УДК 615.277+582.28]:616-006.81-092.9:577.112

Ir. G. Meerovich1, М. Yang2, P. Jiang2, R.-M. Hoffman2, V. P. Gerasimenya3, A. E. Orlov3, A. P. Savitsky1, V. O. Popov1

STUDYING OF COMBINED ACTION OF CYCLOPHOSPHAMIDE AND EXTRACT OF PLEUROTUS OSTREATUS ON MICE MELANOMA B16-F0 EXPRESSING GREEN FLUORESCENT

PROTEIN

1 A. N. Bach Institute of biochemistry of RAS, Moscow, Russia 2 AntiCancer, Inc., San Diego, USA 3 JSVPulmomed, Moscow, Russia

ABSTRACT

In this work we studied the combined action of cyclophosphamide and the extract of micellium of Pleurotus ostrea-tus on mice bearing melanoma B16-F0, expressing green fluorescent protein (GFP) in vivo.

This model allows to recognize primary small-size tumors and métastasés, unrecognizable by other methods.

It was found that in case of combined administration of cyclophosphamide (300 mg/kg) and the extract of micellium of Pleurotus ostreatus (100 mg/kg), administered for 10 days after cyclophosphamide injection, the amount of leucocytes in peripheral blood of mice with melanoma B16-F0 reduced to 51 % of its initial value, while the administration of cyclophosphamide alone — 27 %.
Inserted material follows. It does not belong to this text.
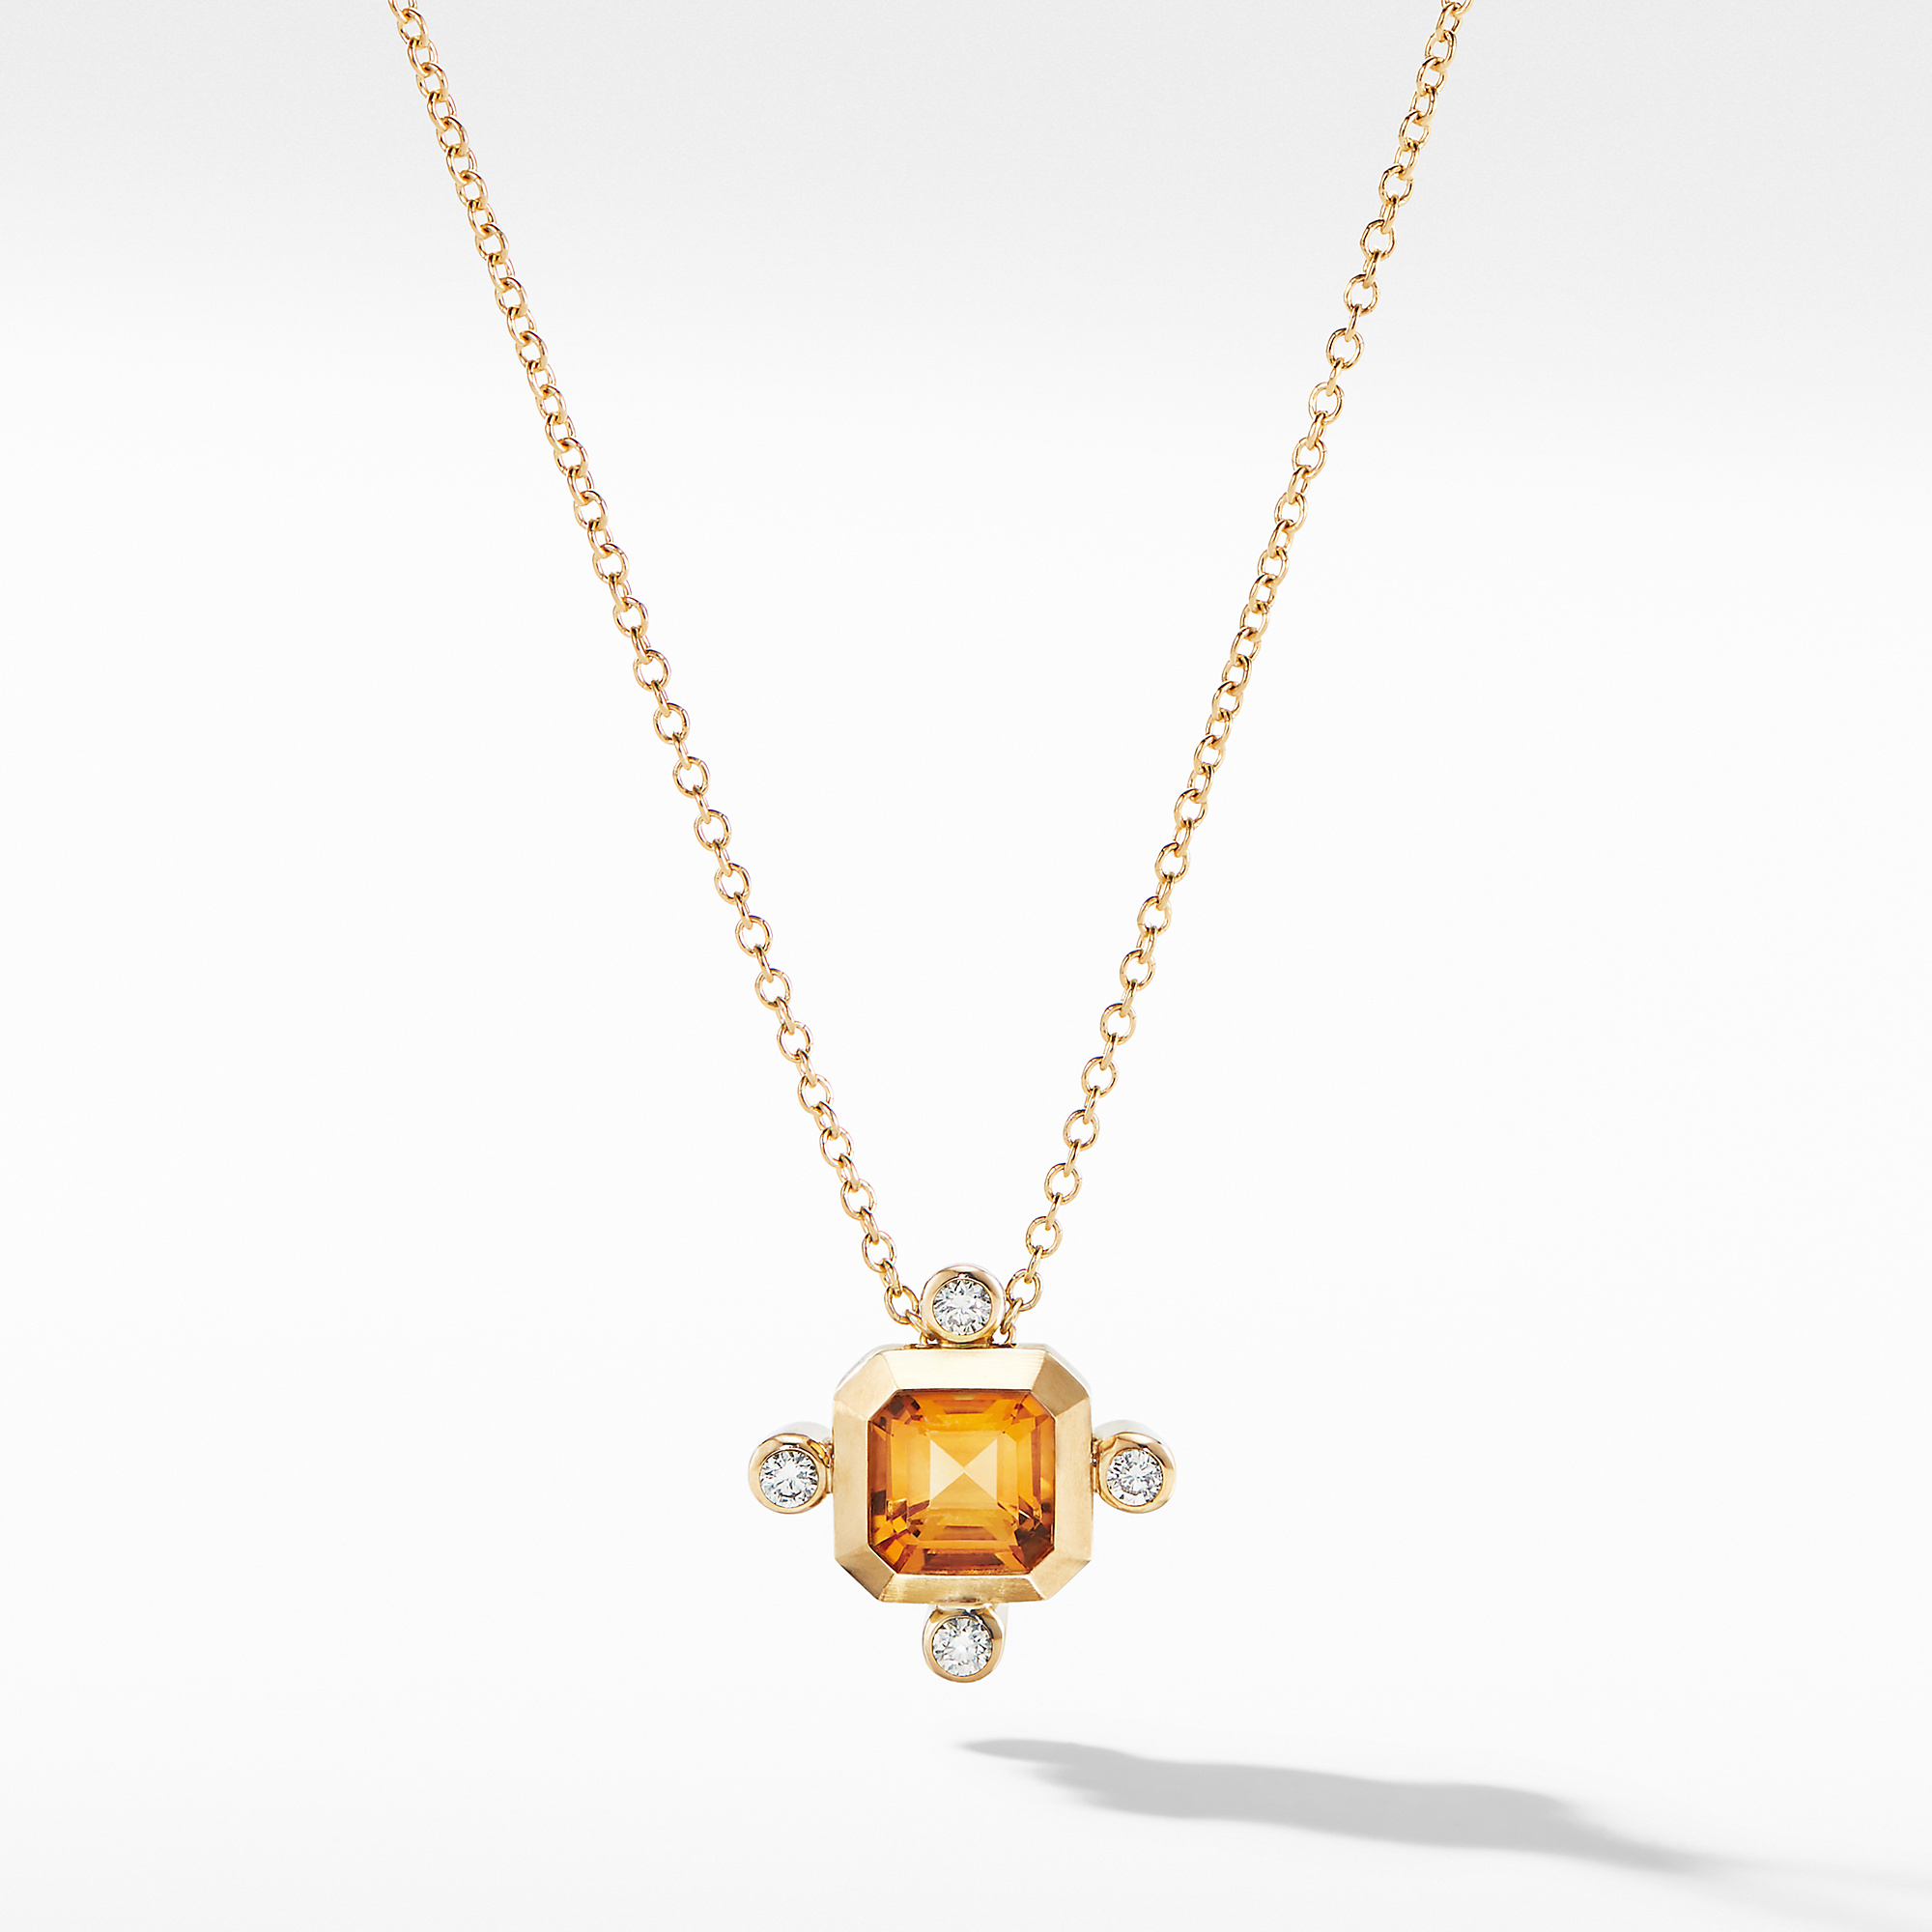 Novella Pendant Necklace in 18K Yellow Gold Madeira Citrine with Diamonds

It was shown that the administration of the extract of micellium of Pleurotus ostreatus leads to the inhibition of tumor growth about 61 %.

Key words: fluorescent protein, tumor, extract of micellium of Pleurotus ostreatus, cyclophosphamide, melanoma.

Ир. Г. Меерович1, М. Янг2, П. Джианг2, Р.-М. Хоффман2, В. П. Герасименя3, А. Е. Орлов3, А. П. Савицкий1, В. О. Попов1

ИЗУЧЕНИЕ КОМБИНИРОВАННОГО ДЕЙСТВИЯ ЦИКЛОФОСФАНА И ЭКСТРАКТА МИЦЕЛИЯ ВЕШЕНКИ НА МЕЛАНОМУ B16-F0 МЫШЕЙ, ЭКСПРЕССИРУЮЩЕЙ ЗЕЛЕНЫЙ ФЛЮОРЕСЦИРУЮЩИЙ БЕЛОК

1 Институт биохимии им. А. Н. Баха РАН, Москва, Россия 2 AntiCancer, Inc., Сан-Диего, США 3 ЗАО «Пулъмомед», Москва, Россия

РЕЗЮМЕ

В работе изучалось сочетанное действие циклофосфана и экстракта мицелия Pleurotus ostreatus (вешенки) на мышах с меланомой B16-F0, экспрессирующей зеленый флюоресцирующий белок.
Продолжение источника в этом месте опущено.